Democrats’ Attempts to Strip Work Requirements from Federal Programs Would Increase Poverty
Democrats refused to engage in the substance of the hearing and instead used the hearing as a platform to double down on claims that their expanded child tax credit reduced child poverty by half, based on the flawed Supplemental Poverty Measure, as justification for permanently extending the expanded credit without work requirements.
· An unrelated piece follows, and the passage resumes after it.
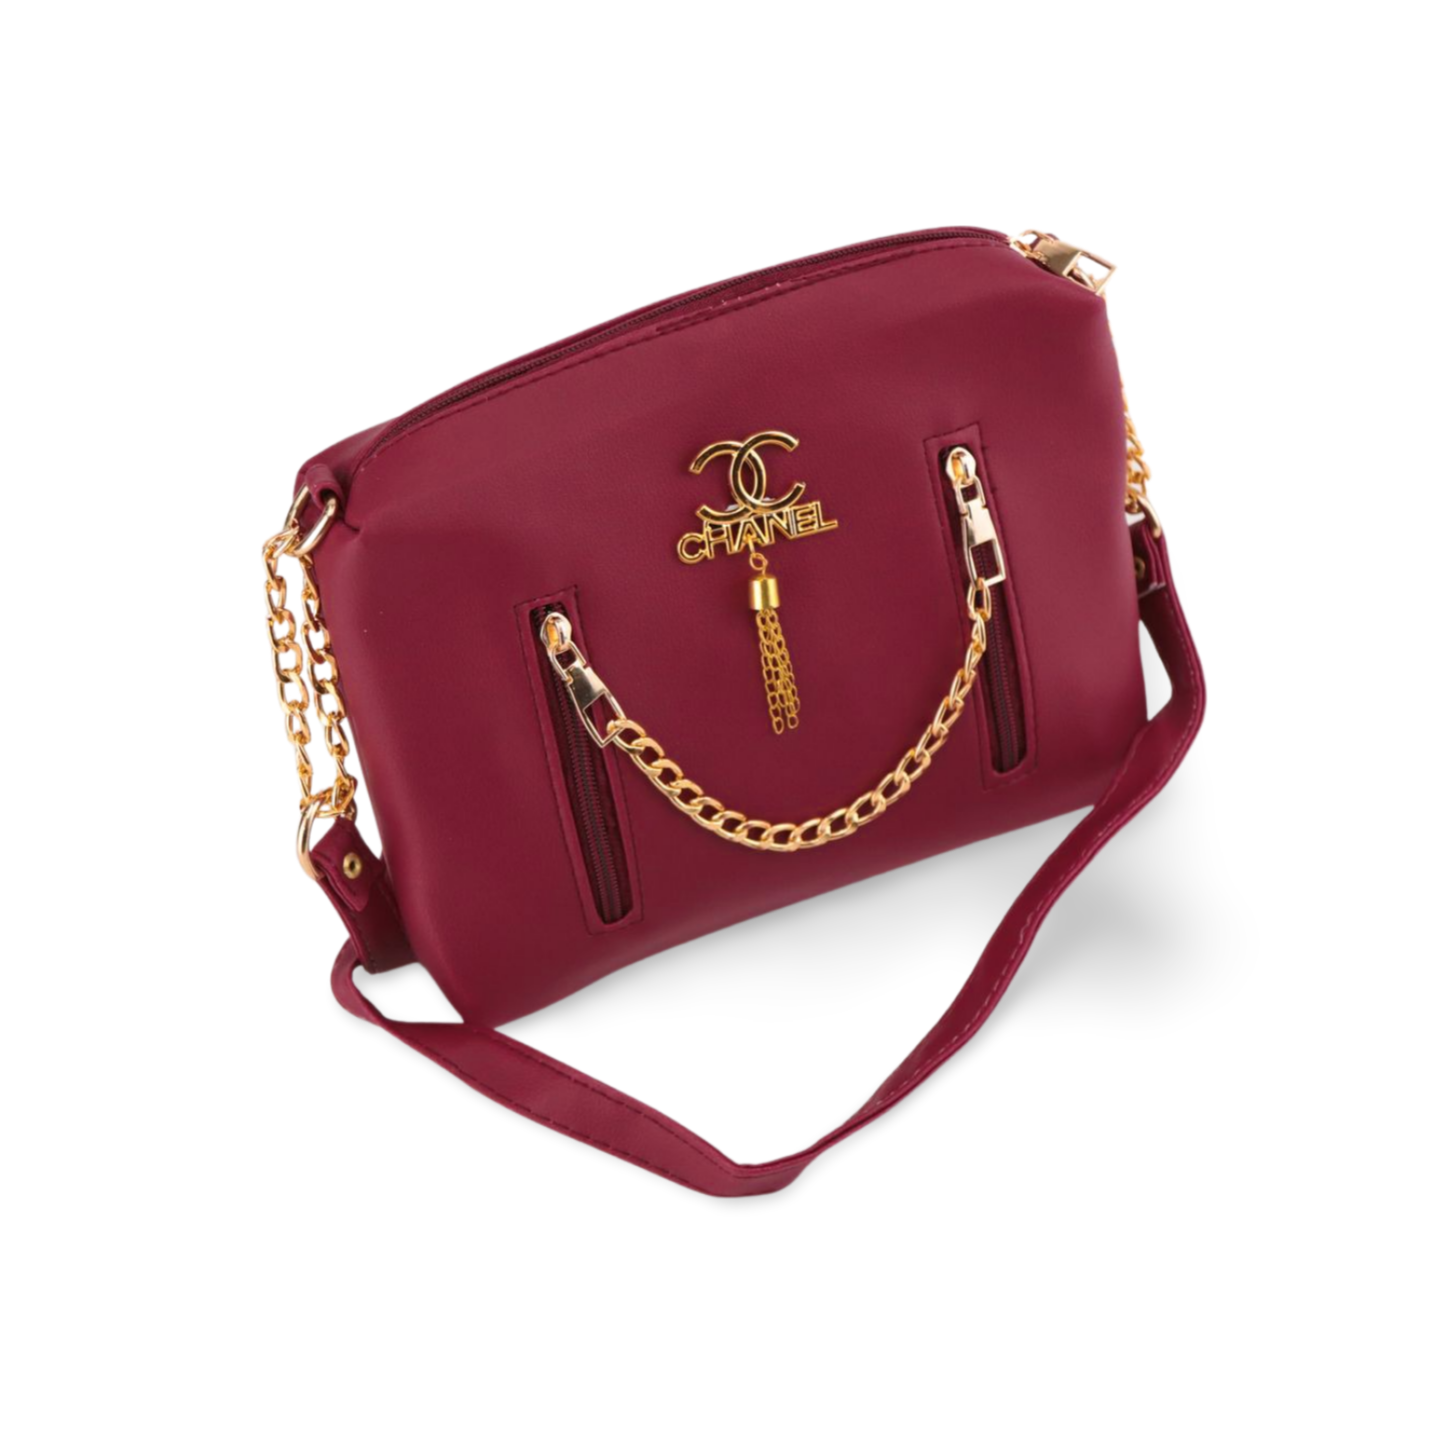 Stylish Crossbody Bag with Luxe Gold Chain and Tassel

Work and Welfare Subcommittee Chairman Darin LaHood (IL-16) asked how families living in poverty would be affected if the Democrats’ dismantled Child Tax Credit was made permanent.
Rep. LaHood: “Media outlets have made bold claims about the reduction in child poverty associated with expansion during COVID. Republicans doubled the child tax credit in the Tax Cuts and Jobs Act. But I have serious concerns about delinking the credit from work, especially when we have a worker shortage right now. I understand that you have published some research that showed extending the Democrats child tax credit would cause 1.5 million workers to exit the workforce. Can you talk about that?”
Dr. Meyer: “Thank you, Representative LaHood. I’m happy to talk about it. We had a consensus in the past that tax credits should redistribute income and encourage work at the same time. That was the idea behind the Earned Income Tax Credit and the original Child Tax Credit. For one year, we had a tax credit that discouraged work by taking away the work incentive that was built in to the current and prior Child Tax Credit. Eliminating that work incentive, we estimated, based on the relationship between tax rates and employment that we’d seen in the past, that more than a million parents would leave the workforce if this child tax credit that is available, regardless of whether you work, were made permanent.”